Python bindings for Web4 trust-native infrastructure
Project description
Web4-Core Python Bindings
Python bindings for the Web4 trust-native infrastructure core library, implemented in Rust via PyO3.
Installation
From source (requires Rust and maturin)
pip install maturin
cd web4-core/python
maturin develop
Building a wheel
maturin build --release
pip install target/wheels/*.whl
Usage
import web4_core
# 1. Create an LCT (in-memory primitive)
lct, keypair = web4_core.PyLct.new(web4_core.PyEntityType.Human, None)
# 2. Anchor to a ledger — LCTs are blockchain tokens, must be minted
ledger = web4_core.PyInMemoryLedger()
receipt = ledger.mint(lct)
print(f"Minted at index {receipt.entry_index}, hash {receipt.entry_hash[:16]}...")
# 3. Sign and verify
message = b"Hello, Web4!"
signature = keypair.sign(message)
assert lct.verify_signature(message, signature)
# 4. Generate proof of existence
proof = ledger.anchor(lct.id)
assert ledger.verify_proof(proof)
# 5. Trust tensor — 3 root dimensions, fractally extensible
trust = web4_core.PyT3()
trust.observe(web4_core.PyTrustDimension.Talent, 0.9)
trust.observe(web4_core.PyTrustDimension.Training, 0.85)

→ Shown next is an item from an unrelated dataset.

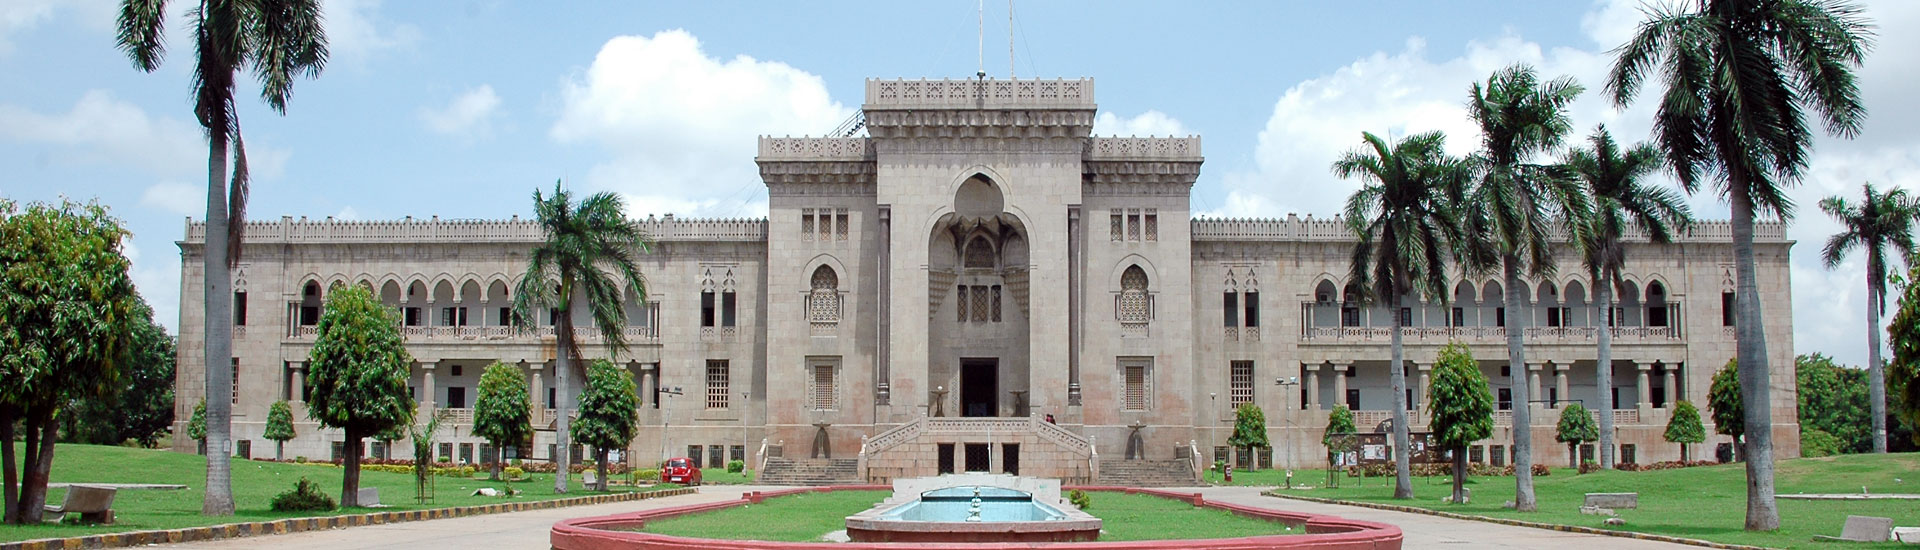 University College of Arts and Social Sciecnce, Hyderabad Image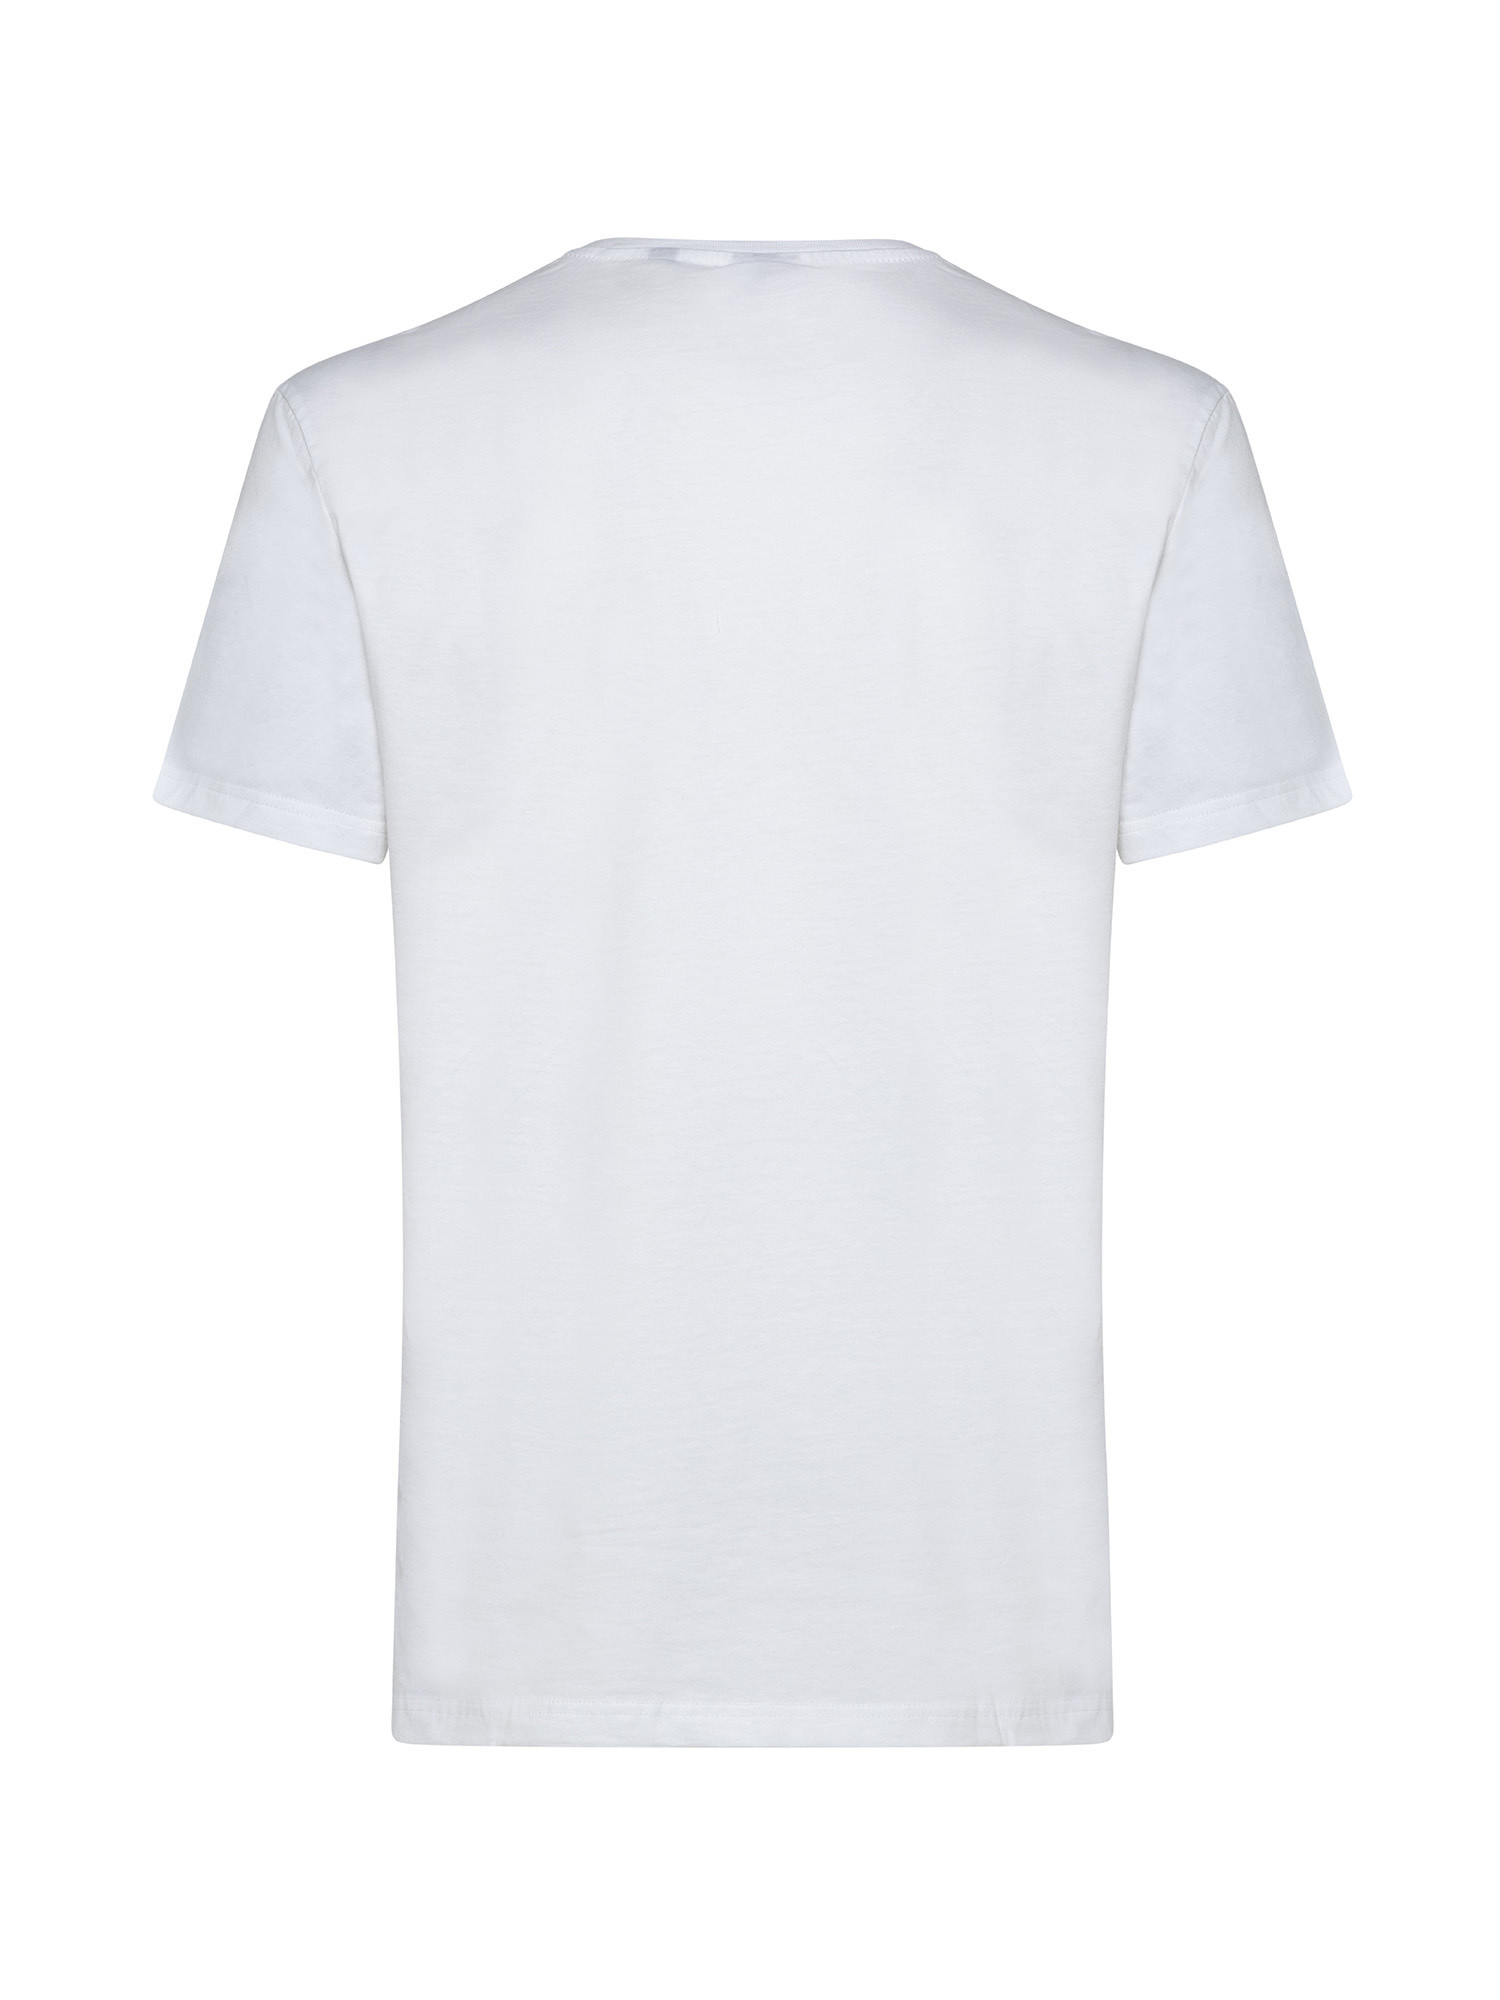 G-Star - T-shirt with print, White, large image number 1

trust.observe(web4_core.PyTrustDimension.Temperament, 0.88)
print(f"Aggregate trust: {trust.aggregate():.3f}")
# Fractal sub-dimension observation
trust.observe_sub_dimension("rust_proficiency", web4_core.PyTrustDimension.Training, 0.92)
# 6. Value tensor — same pattern
value = web4_core.PyV3()
value.observe(web4_core.PyValueDimension.Valuation, 0.9)
value.observe(web4_core.PyValueDimension.Veracity, 0.85)
value.observe(web4_core.PyValueDimension.Validity, 0.88)
# 7. Identity coherence (C × S × Φ × R)
coherence = web4_core.PyCoherence.with_values(0.8, 0.8, 0.7, 0.9)
print(f"Total coherence: {coherence.total():.3f}")
print(f"Limiting factor: {coherence.limiting_factor()}")
For persistence, swap PyInMemoryLedger for PyLocalLedger:
ledger = web4_core.PyLocalLedger.open("./team-ledger.jsonl")
lct, _ = web4_core.PyLct.new(web4_core.PyEntityType.AiSoftware, None)
receipt = ledger.mint(lct)
# Reopen later — state is replayed from the file with chain-integrity checks
ledger = web4_core.PyLocalLedger.open("./team-ledger.jsonl")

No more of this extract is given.